Monday, August 31, 2009

Beautiful Eggplants

  This is what the roasted part of my lunch for the week looks like. On the left we have the green peppers called piman, which are bitter and still crunchy since I only cook them for 10 minutes, and on the right are the baby eggplants.
  Asian eggplants sold in the US all tend to be of one variety: about a foot long and a couple of inches in diameter. Here, however, there are countless variations, and almost none are anywhere near that big. The most common Japanese eggplant seems to be the knob-shaped one, about the length of my hand, but there are also perfectly round ones, ranging from the size of a softball down to about pool-ball size. These are fantastic, and seem to be used primarily, as the vehicle for the sweetened salty-miso dengaku preparation: the eggplants are sliced into thick wheels, fried until saturated with oil, painted with the sauce, and charcoal-grilled. Dengaku anything (it can also be made with tofu or the raw wheat gluten preparation known as namafu) is one of the things I order every time I see it on a menu, without exception.

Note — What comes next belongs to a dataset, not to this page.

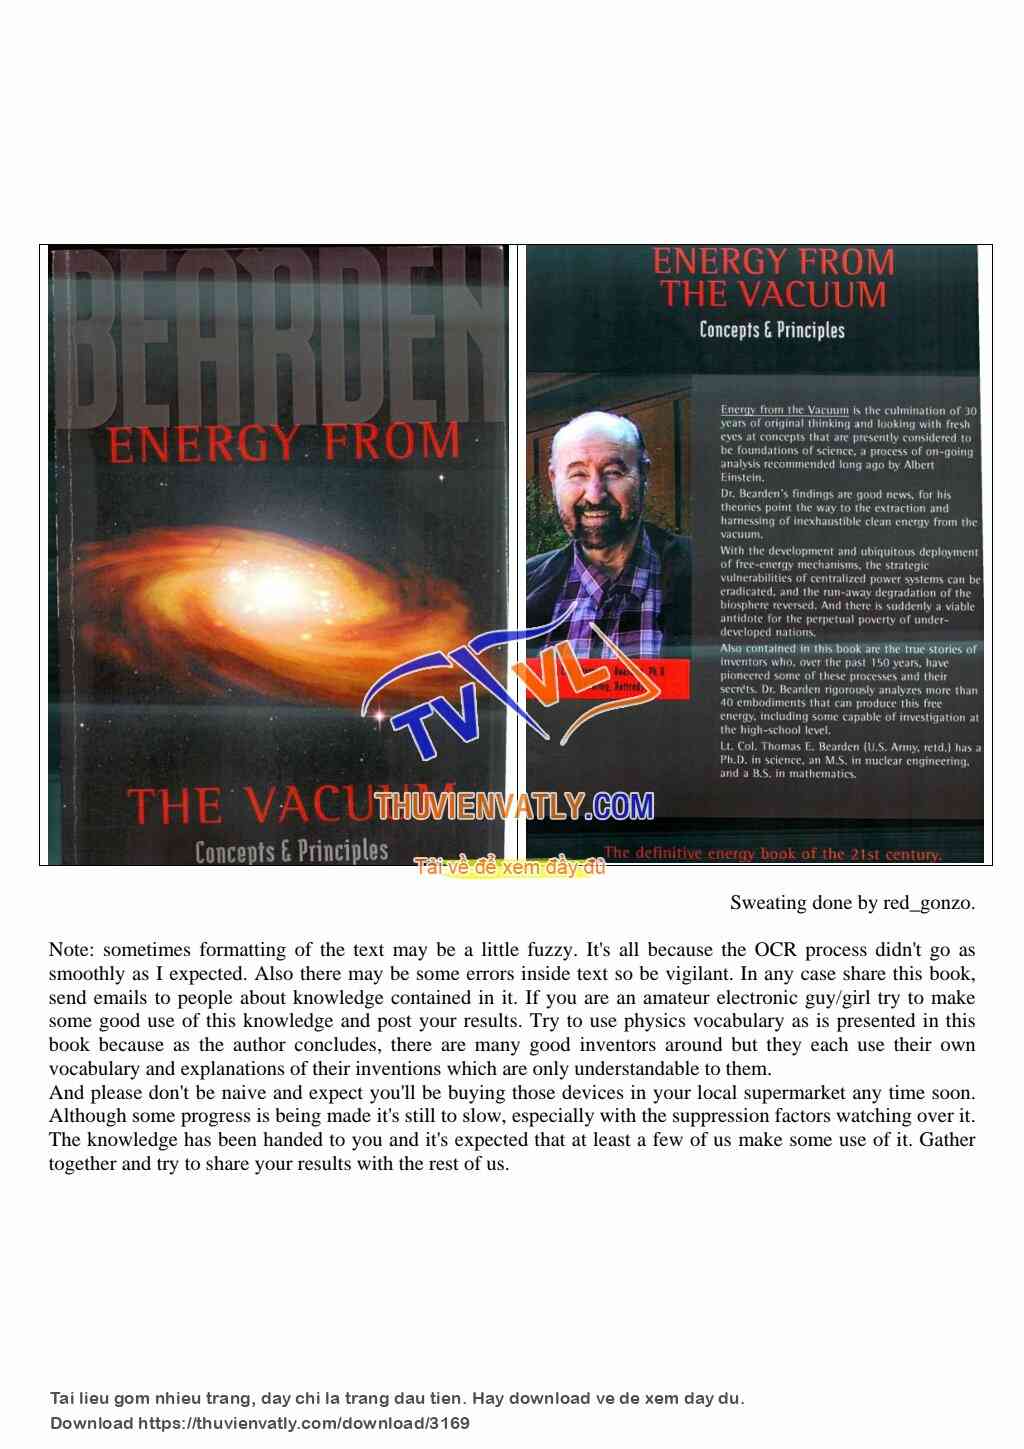 Energy from the vacuum: Concepts and Principles

  Back to my eggplants. These were on the small and bulbous side - the perspective is a bit foreshortened in the photo, but you can see that the one next to the knife is only about half as long as the blade. Some eggplants have spikes on their little leaf-caps, but these were tender and made no fuss about being decapitated. I roasted them tossed with olive oil and salt for 30 minutes at the highest setting on my little convection oven, which is 220 degrees Celsius, and the only temperature I seem to use for anything. One nice thing about Asian eggplants is that they seem to be bitter far less frequently than the giant Western kind. These were almost sweet. Thanks to the alchemy that happens between eggplants and oil, they turned out melty-in-the-mouth, though not melty-on-the-serving-spoon -- in other words, perfect.